## Source records
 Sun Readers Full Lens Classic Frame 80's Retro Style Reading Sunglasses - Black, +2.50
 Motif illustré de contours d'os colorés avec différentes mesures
...
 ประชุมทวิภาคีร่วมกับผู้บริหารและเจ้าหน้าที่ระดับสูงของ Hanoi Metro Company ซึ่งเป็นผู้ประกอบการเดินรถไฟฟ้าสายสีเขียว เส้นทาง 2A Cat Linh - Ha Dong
---
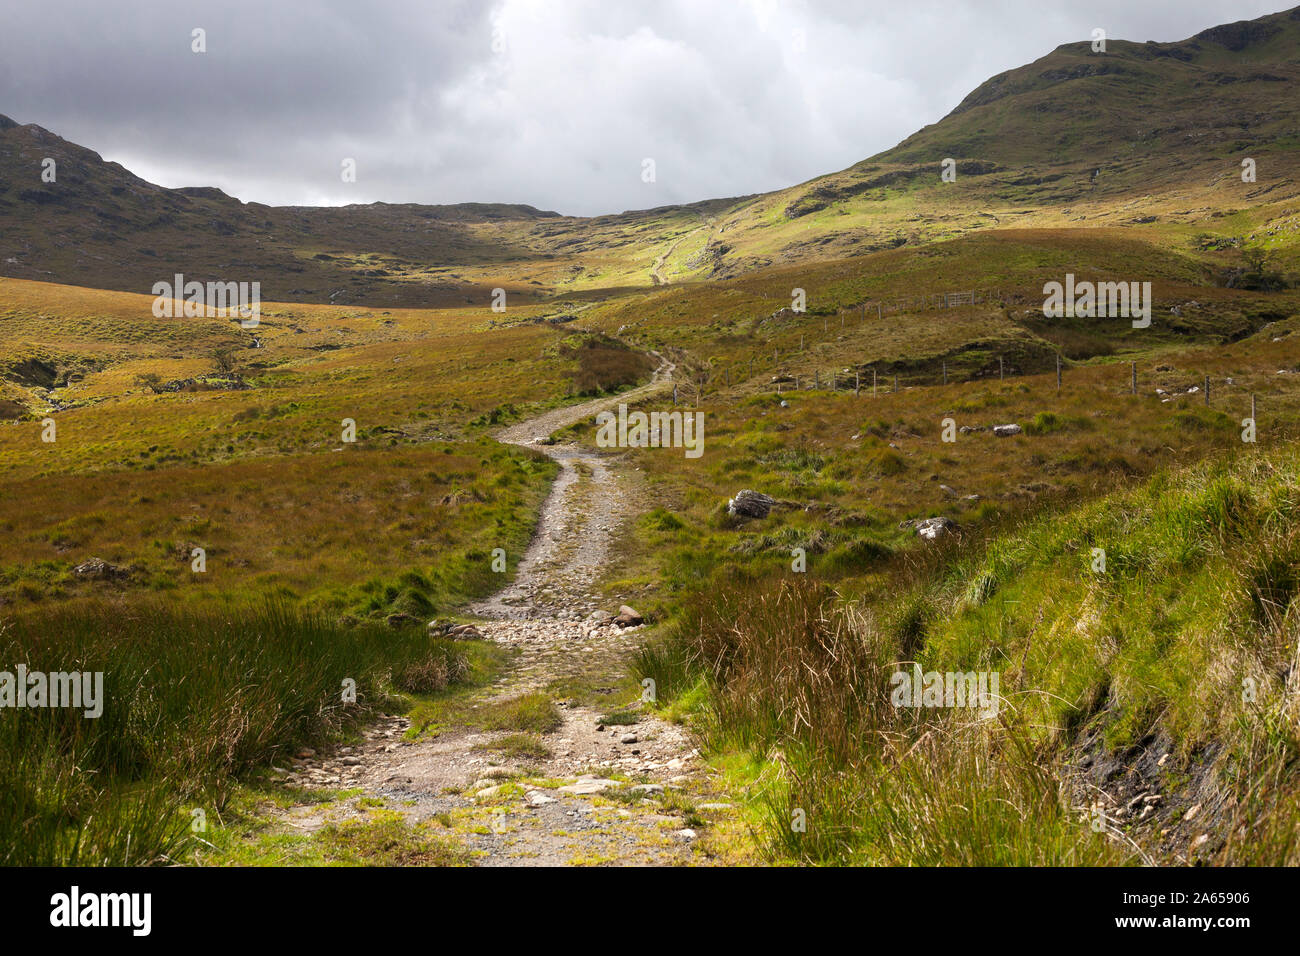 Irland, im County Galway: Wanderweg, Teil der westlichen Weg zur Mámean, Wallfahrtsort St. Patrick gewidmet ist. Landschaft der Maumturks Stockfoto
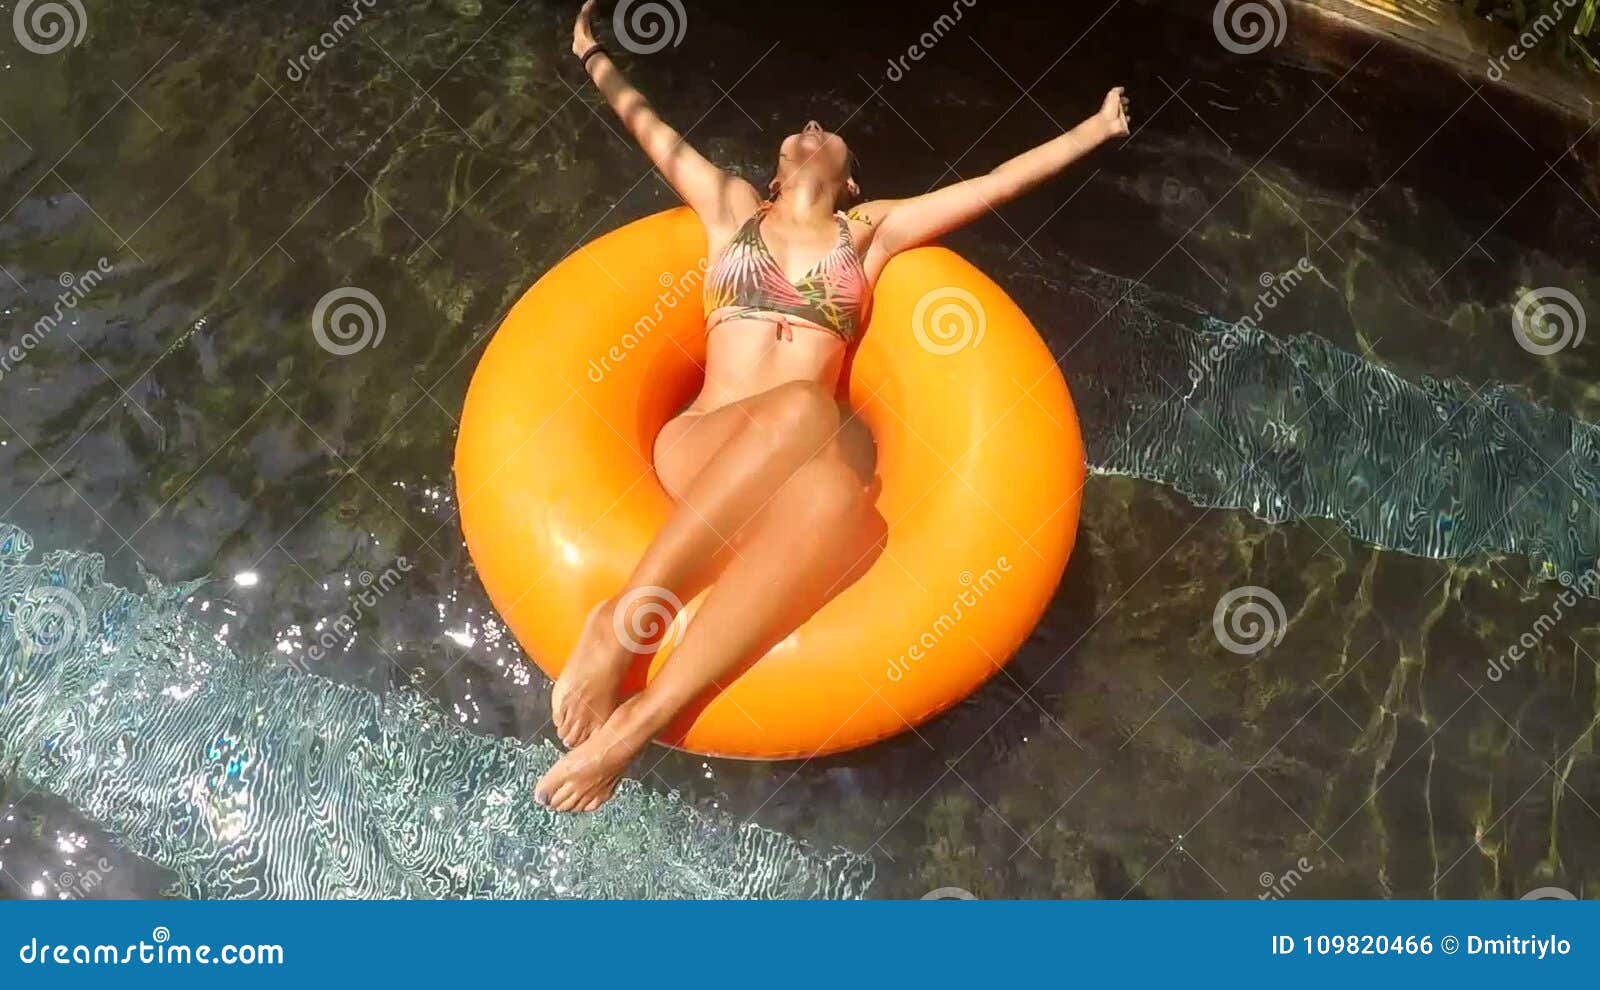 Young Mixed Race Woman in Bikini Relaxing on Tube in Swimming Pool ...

## Problem
Beginning at the line that has "Irland, im County" and ending at the line that has "Young Mixed Race", restate the listing above word for word, pictures left out.

## Your response
 Irland, im County Galway: Wanderweg, Teil der westlichen Weg zur Mámean, Wallfahrtsort St. Patrick gewidmet ist. Landschaft der Maumturks Stockfoto
 Young Mixed Race Woman in Bikini Relaxing on Tube in Swimming Pool ...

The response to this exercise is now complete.